Mongodb Sharding Kullanıyor mu?
Birden fazla makine, tekniklerin bir kombinasyonunu kullanarak bir Sharding yöntemi aracılığıyla verileri paylaşabilir. MongoDB, büyük veri kümelerini dağıtırken ve yüksek hacimli işlemler gerçekleştirirken parçalama kullanır. Büyük miktarda veri içeren veritabanı sistemleri veya yüksek verim gerektiren uygulamalar, önemli miktarda depolama kapasitesi alabilir.
Parçalamanın Geleceği: Postgresql
Gelecek için bir plan yapın. Bir parçalama çözümü dağıtmak yalnızca mümkün değil, aynı zamanda gerekli bir adımdır. Sürecin bir parçası olarak, düzenli olarak ayarlama ve optimizasyon yapılması gerekir. Günümüzün parçalama çözümlerinin hızla geliştiğinin farkında olmalı ve güncel bilgileri takip etmelisiniz. PostgreSQL, son birkaç yılda parçalama alanında önemli ilerleme kaydetti, bu nedenle, birden çok platformda kullanılabilecek bir çözüm istiyorsanız, kullanmayı ciddi olarak düşünmelisiniz.
Nosql Parçalama ve Bölümleme
Büyük bir veri kümesini daha küçük bölümlere ayırmak için bölümleme ve algoritmalar benzerdir. Veriler, birçok bilgisayara yayılabilmesi için bölümlenirken, parçalama, birden çok bilgisayara dağıtılmasına izin verir. Genel olarak, bölümlenen veriler, tek bir veritabanı örneğine göre alt kümelere bölünür.
Çıkarma yoluyla bölümleme, yatay bölümlemeye ek olarak bir tür bölümlemedir. Başka bir yöntem, bir tabloyu daha küçük parçalara böldüğünüz dikey bölümlemedir. Dikey bir bölümü çoğalttığınızda buna dikey bölümleme denir. Verileri bölmek için şemayı kopyalayın ve ardından bir parça anahtarı kullanın.
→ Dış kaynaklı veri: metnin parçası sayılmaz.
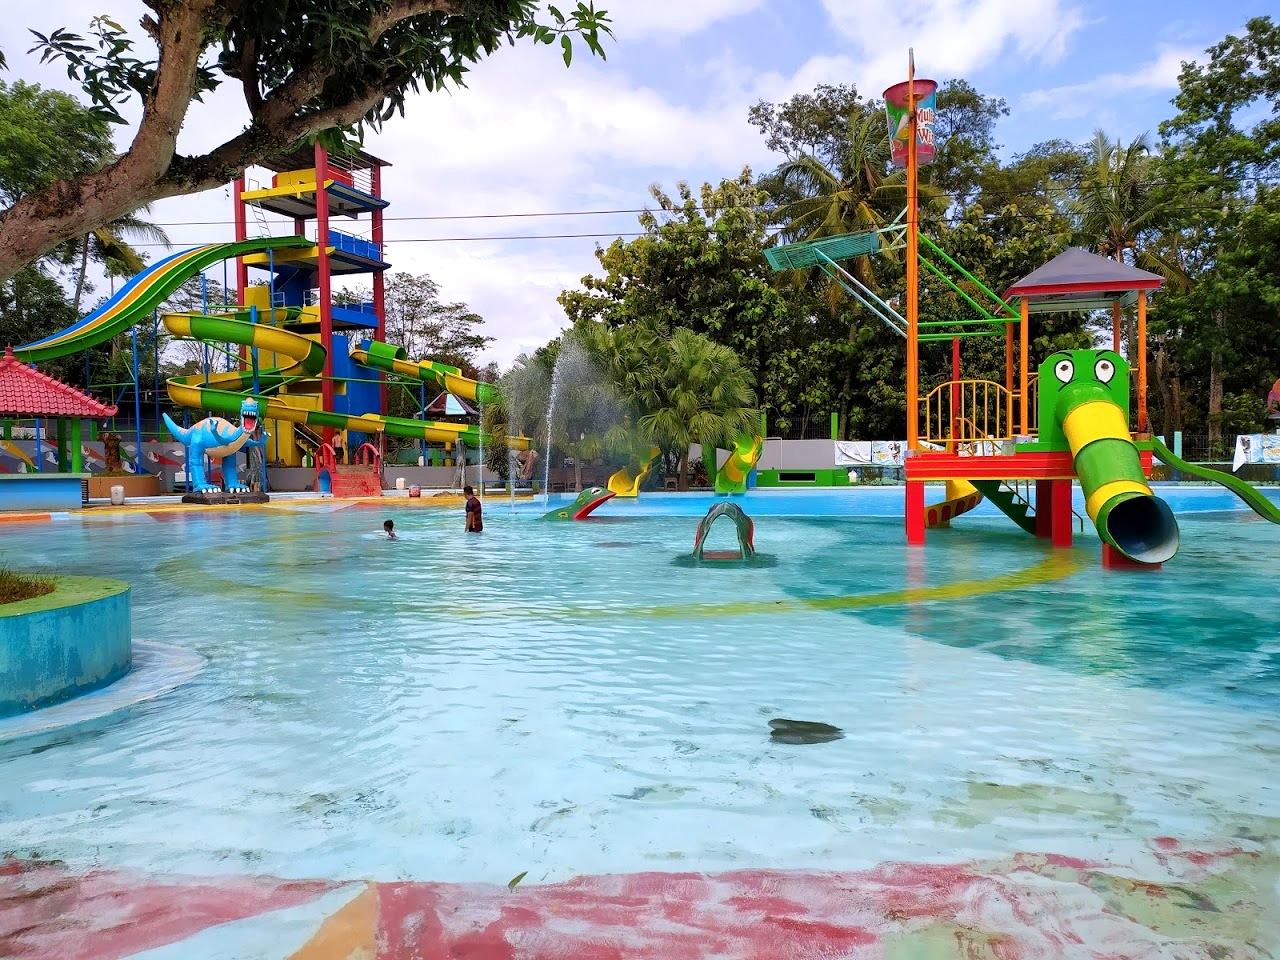 Info Harga Tiket Masuk Waterboom Mulia Wisata Kudus - Penawisata.com

Bir tabloyu bölmenin ne zaman uygun olduğuna dair bazı örnekler. Veriler bölümlendiğinde, sorguları gerçekleştirmek genellikle daha kolaydır. Bir uygulamanın, siparişlerin geçmiş kaydını içeren bir Sipariş tablosu içerdiğini ve bu tablonun her hafta bölümlendiğini varsayalım. Bir haftalık emir talep ettiğinizde, Emirler tablosunun sadece bir bölümüne erişebileceksiniz. Bu sorgu için bir bölüm budama prosedürü teorik olarak 100 kat daha hızlı çalışmasını sağlayabilir.